Postby kwami » Wed 09 Sep 2009 11:26 am

Hangul's just as flexible as any other script, and would work - or at least could work - as well as Latin. I imagine there's a certain amount of ethnic pride in having one's own script: "We speak a real language, not just another dialect" kind of thing. The problem is that Cia-Cia hangul is not fully Unicode compatible--the word 'television' in the newspaper articles, for example, uses an archaic letter for /v/, which is not supported in any precomposed blocks, so that /vi/ has to be written with isolated glyphs for /v/ and /i/. (But then I never understood why Unicode sacrificed 11,500 of its 68,000 codings for an alphabet of 24 letters in the first place--this was done before there were separate planes, and the extra planes were only required because the Commission screwed up unicodifying Chinese and IMO hangul.)

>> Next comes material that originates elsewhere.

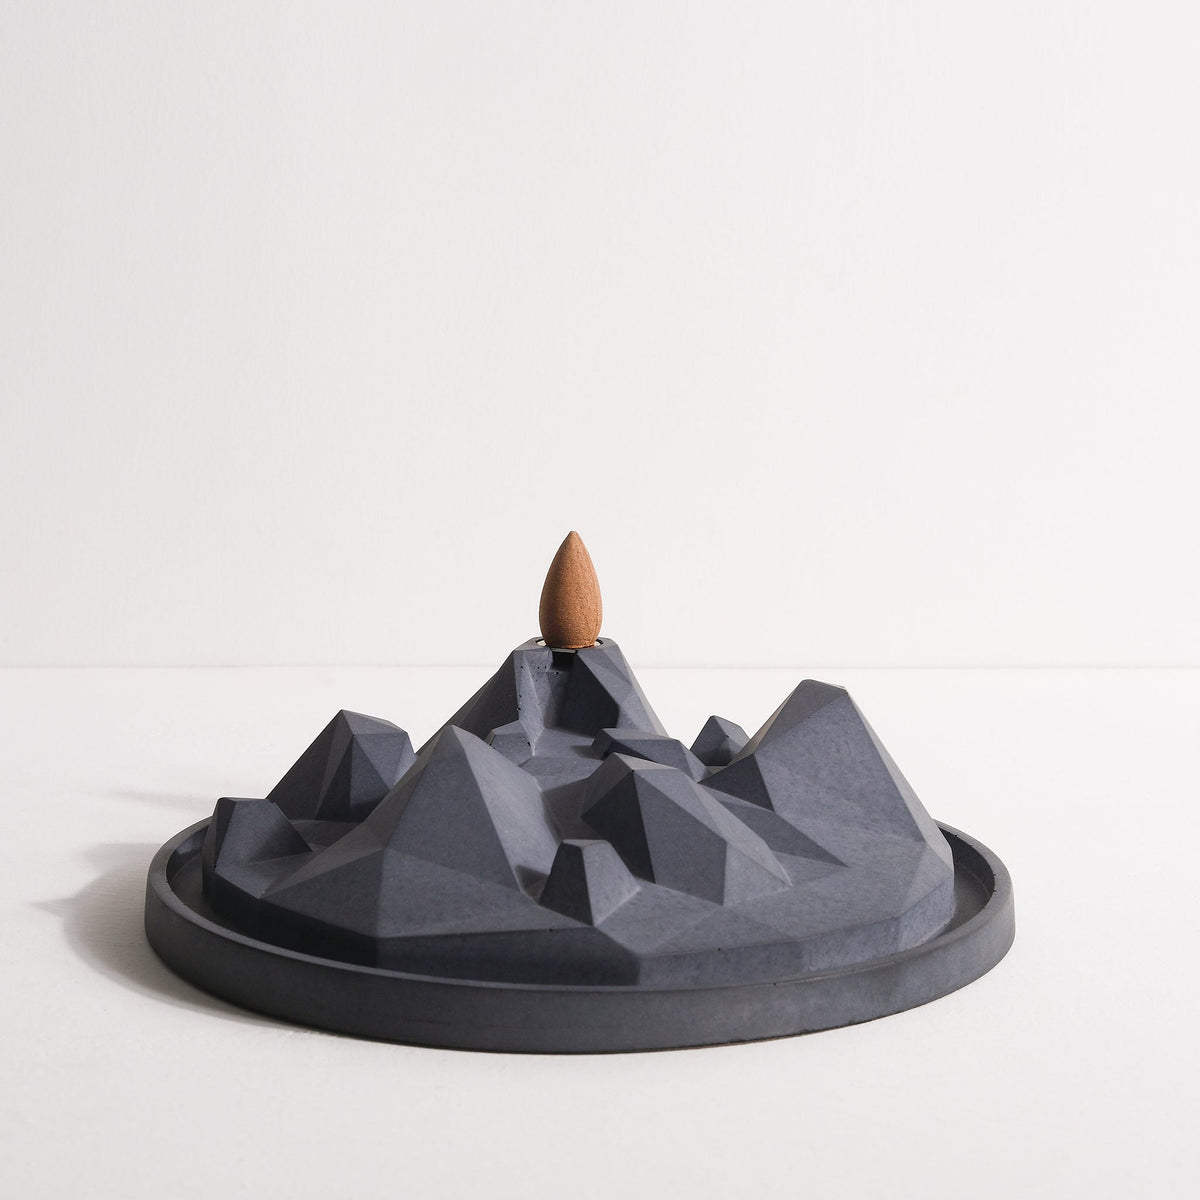 Alternative View of Valley of Fog Backflow Incense Burner as part of Kin Objects Gift Set

Does anyone have access to an account of the Cia-Cia phonemic inventory at their local university library? It would be nice to be able to figure out how hangul was adapted to Cia-Cia, pending communication from the Hangul Society in Seoul. For example, it's apparent that the doubled consonants are voiceless/tenuis in Cia-Cia. The single consonants might be implosive, as implosive b and d are more common in Cia-Cia than the plain voiced consonants (there is no implosive g), which would suggest that the hangul aspirates are plain voiced /b, d/ in Cia-Cia - a rather unexpected situation. Or maybe voiced is not distinguished from implosive, in which case I wonder what the uncommon aspirate letters are for? Rieul for /r/, and - as someone noted here - double rieul for /l/, except finally, when single rieul is /l/, and /r/ is spelled as a separate syllable reu. Similarly, /sC/ clusters are written with a separate syllable seu before the C, despite the fact that hangul is perfectly capable of handling consonant clusters, if we weren't concerned about Unicode support. But how are /l/ and /r/ distinguished word initially, since double rieul doesn't appear as an onset? How is glottal stop written, or is it not distinguished from hiatus? (There's an old hangul letter for that too, but evidently the only obsolete letter that was resurrected was /v/.) Does ng never occur initially in Cia-Cia, or is that a problem too?

Is anyone in contact with the Hangul Society, so they can address this directly? I've written the university, but they haven't responded.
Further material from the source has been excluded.